__Work required__. Produce a word-for-word copy of the data that follows, excluding images.

### Provided material ###

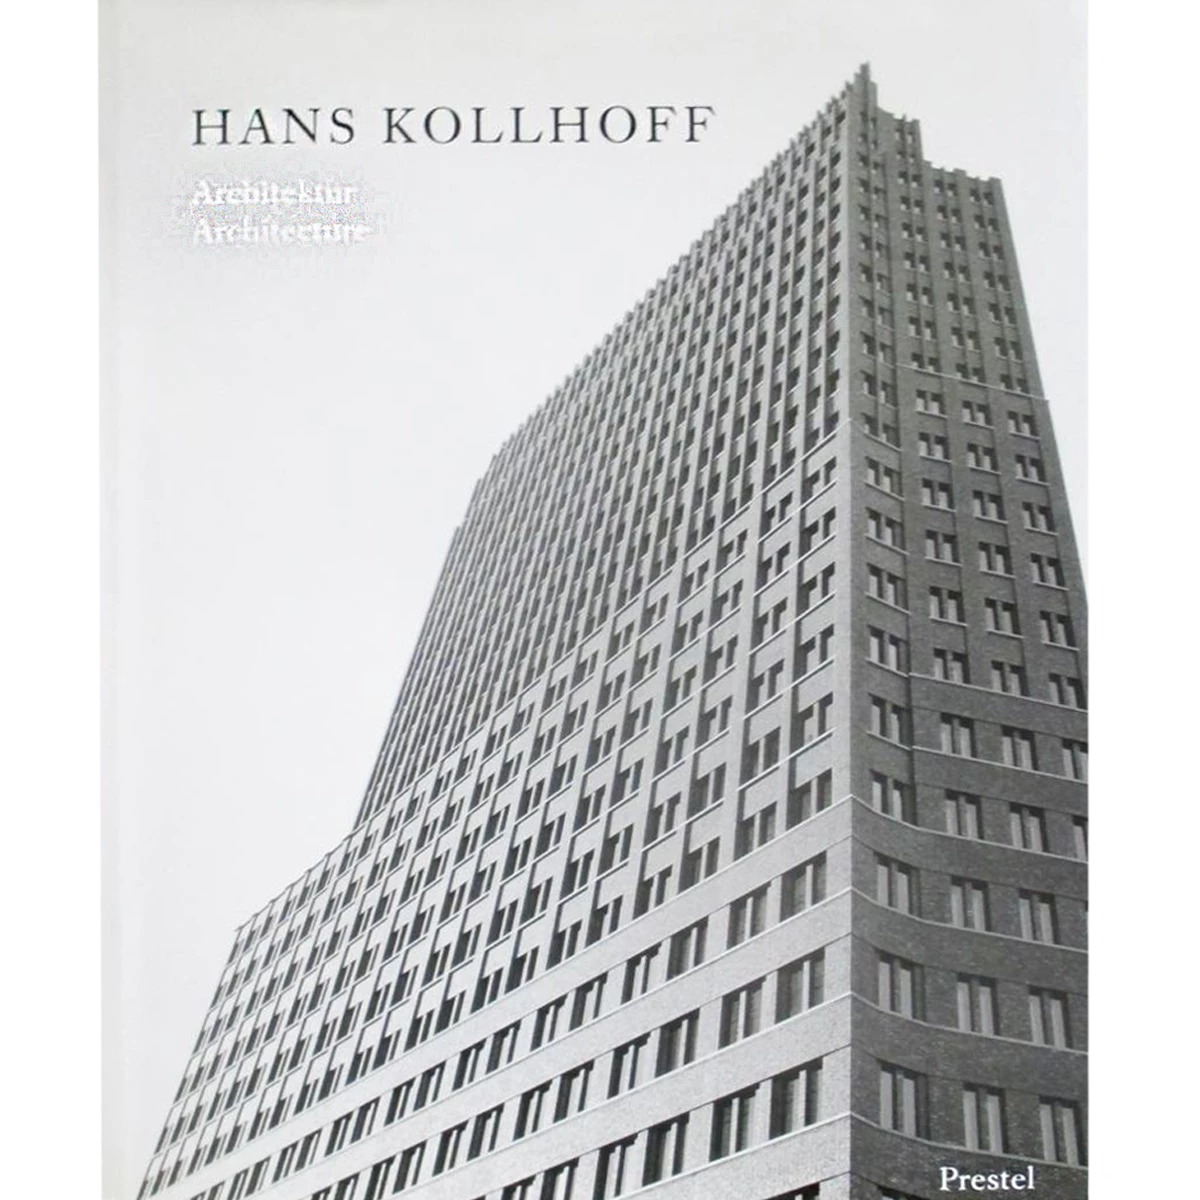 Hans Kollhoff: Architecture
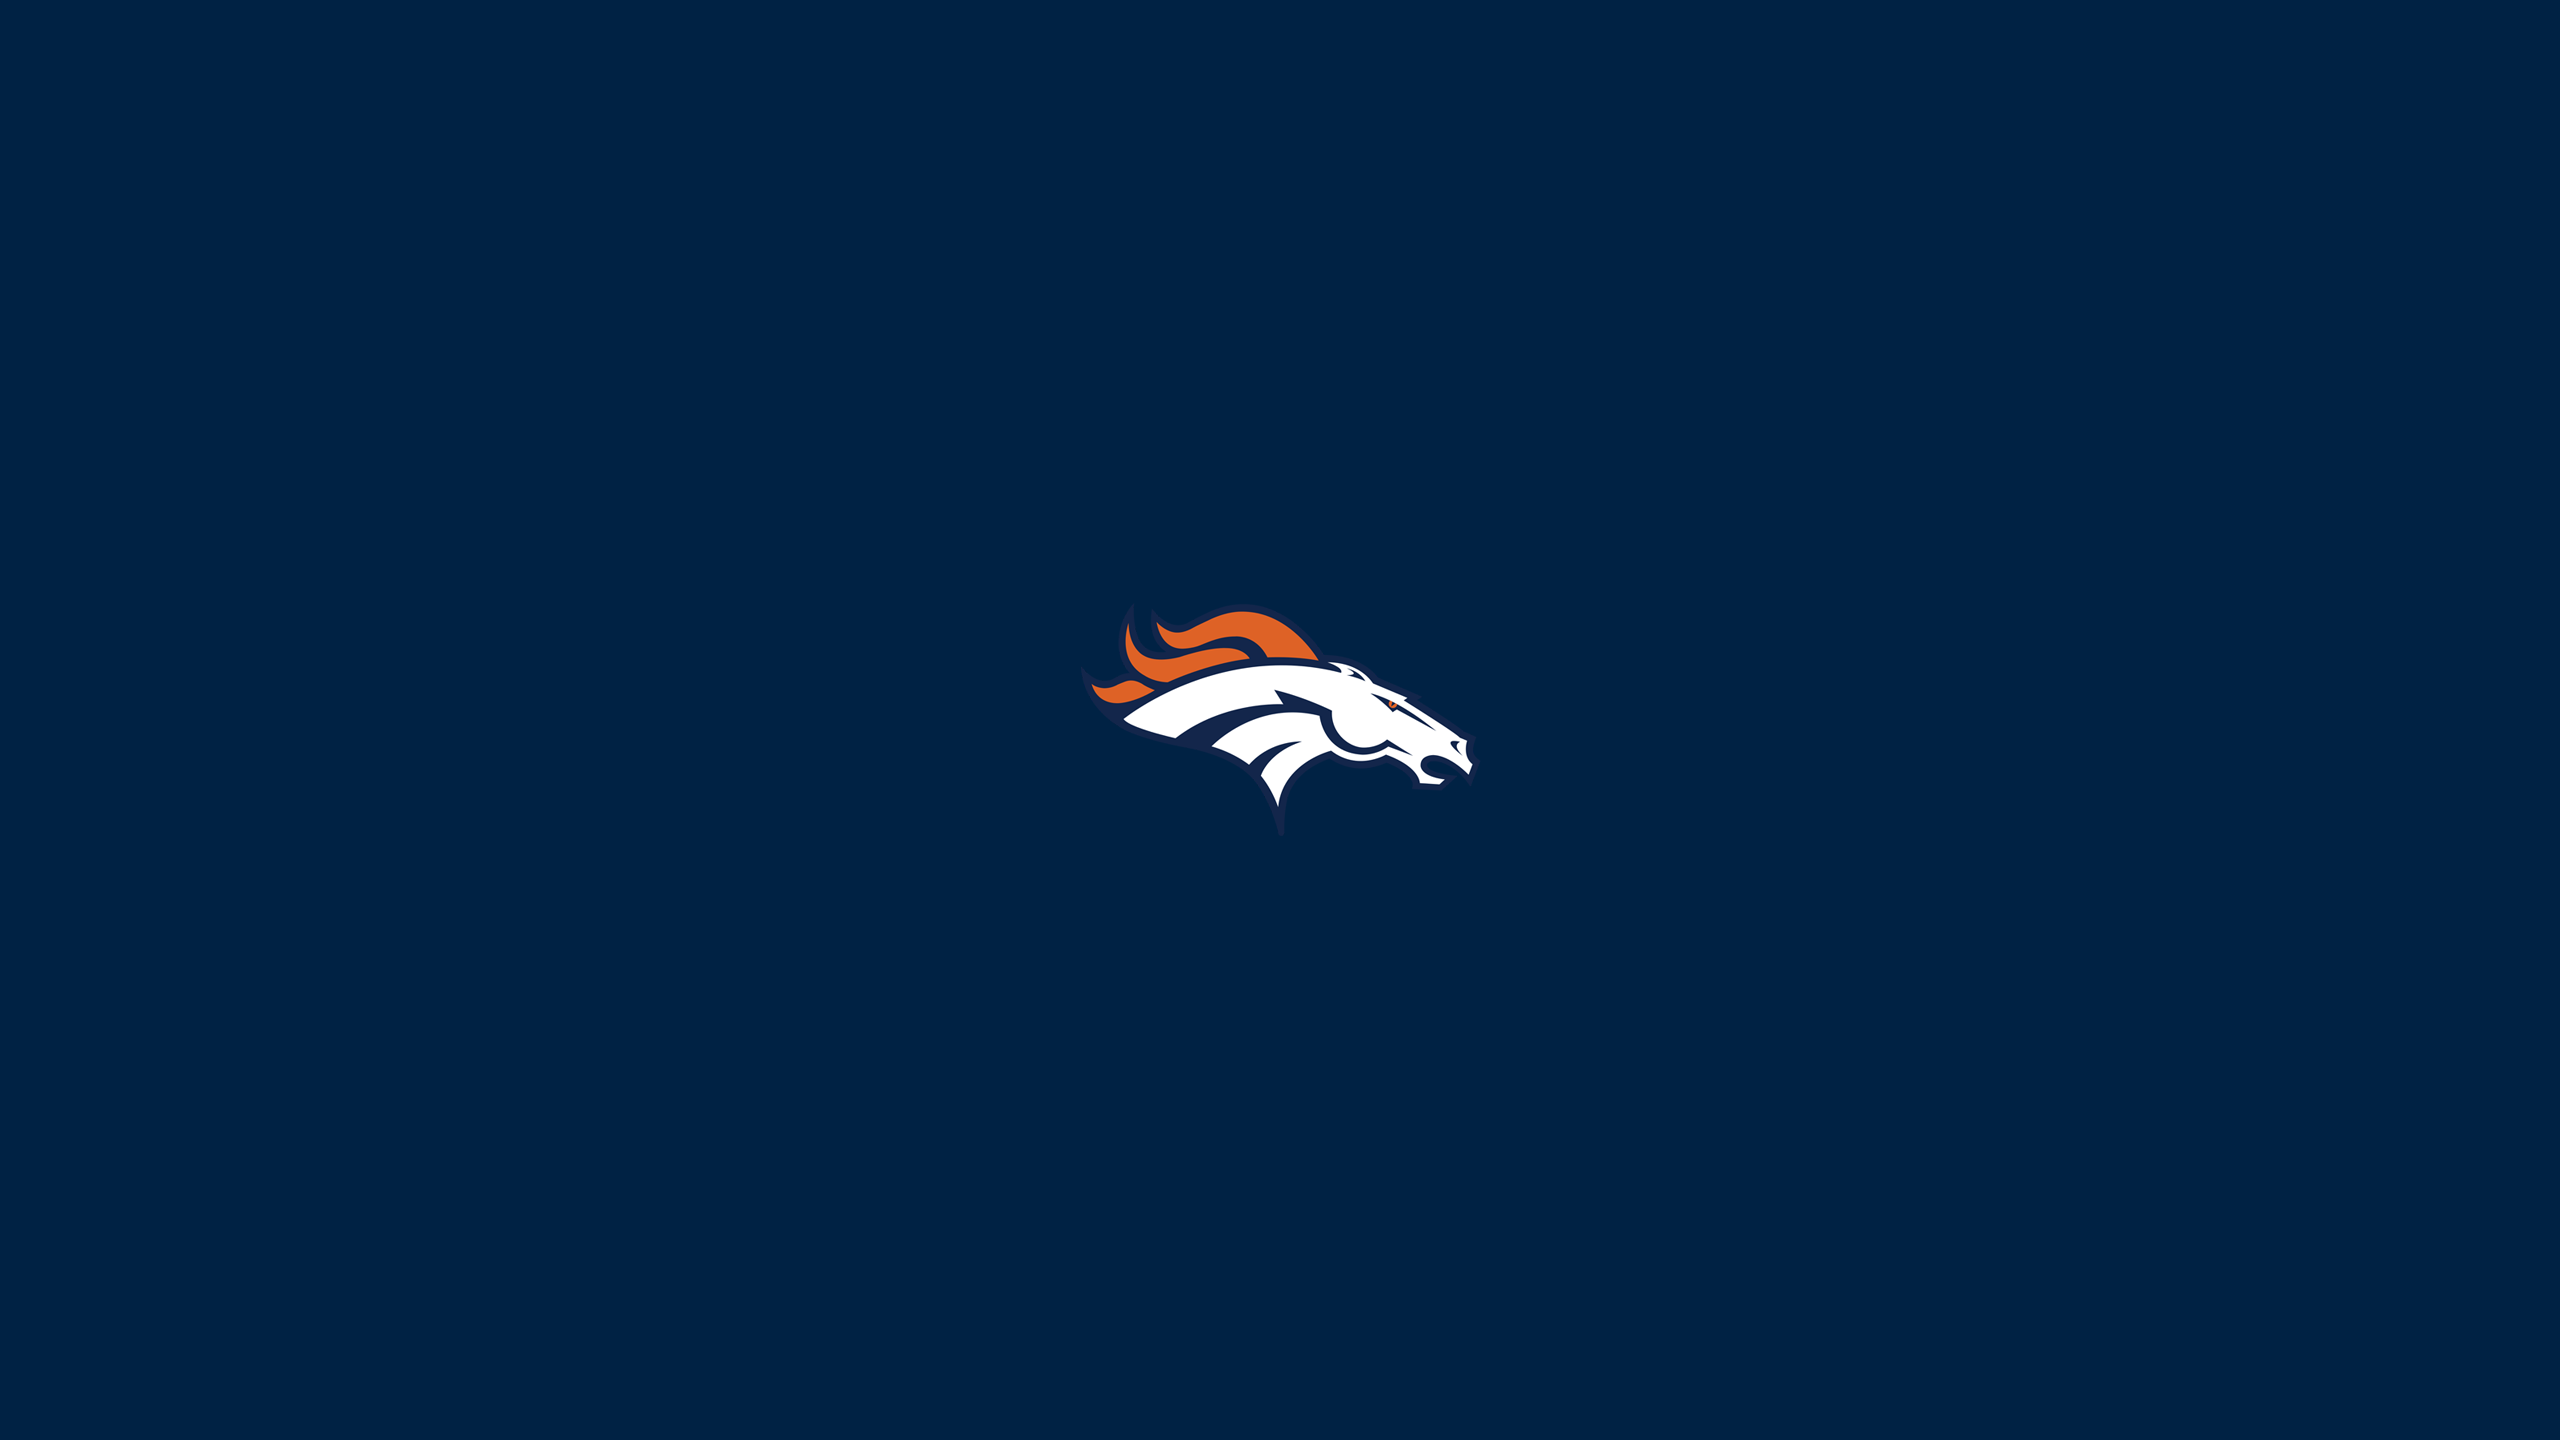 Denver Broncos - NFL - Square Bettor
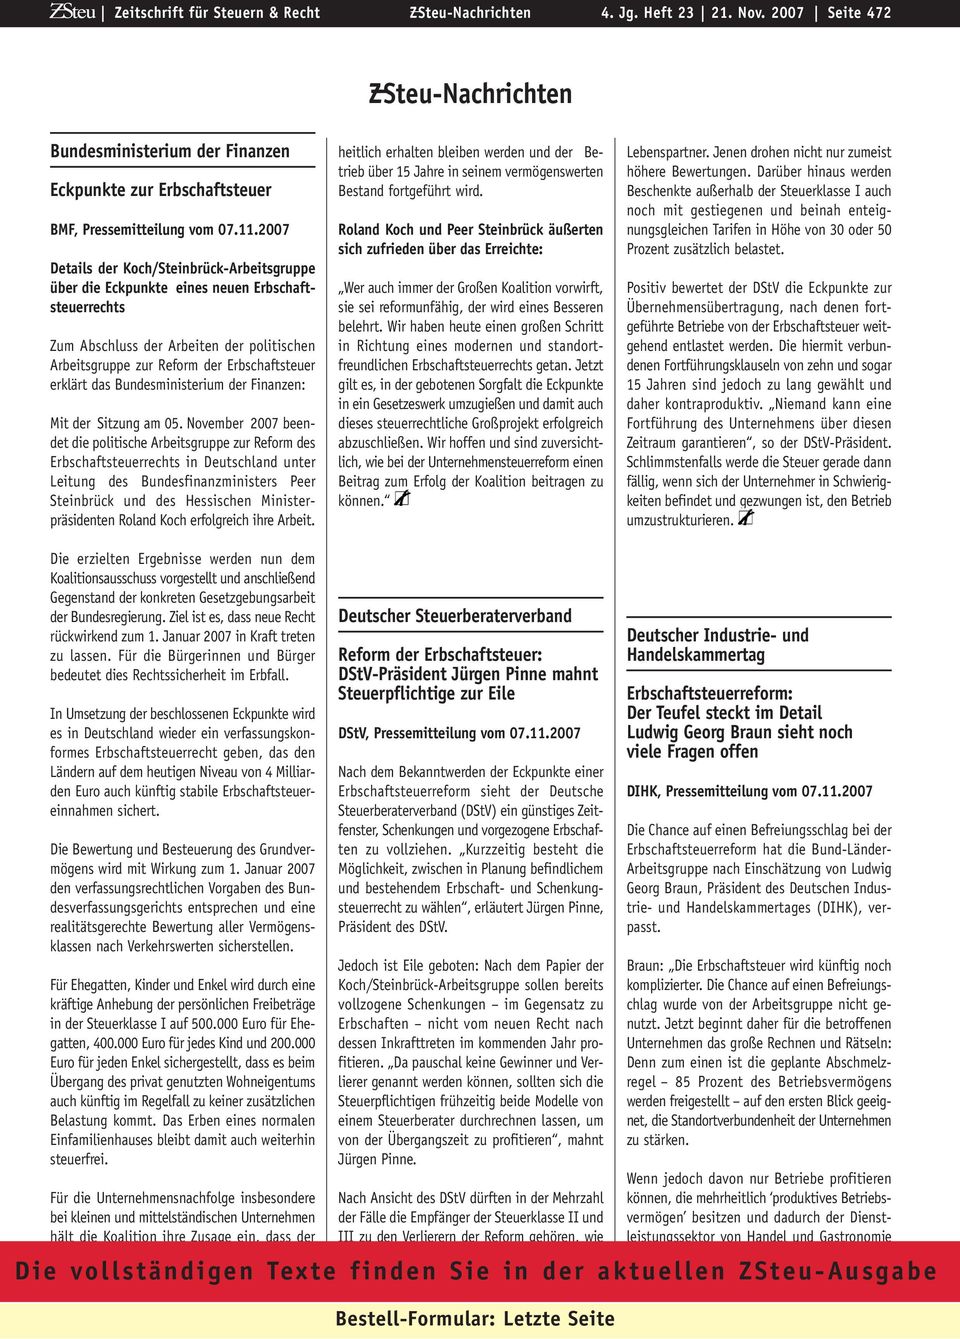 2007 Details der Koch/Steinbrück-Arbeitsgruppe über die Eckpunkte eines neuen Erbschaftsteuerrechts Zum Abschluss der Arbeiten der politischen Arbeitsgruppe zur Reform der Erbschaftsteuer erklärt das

###

__Expected answer__.
 Hans Kollhoff: Architecture
 Denver Broncos - NFL - Square Bettor
 2007 Details der Koch/Steinbrück-Arbeitsgruppe über die Eckpunkte eines neuen Erbschaftsteuerrechts Zum Abschluss der Arbeiten der politischen Arbeitsgruppe zur Reform der Erbschaftsteuer erklärt das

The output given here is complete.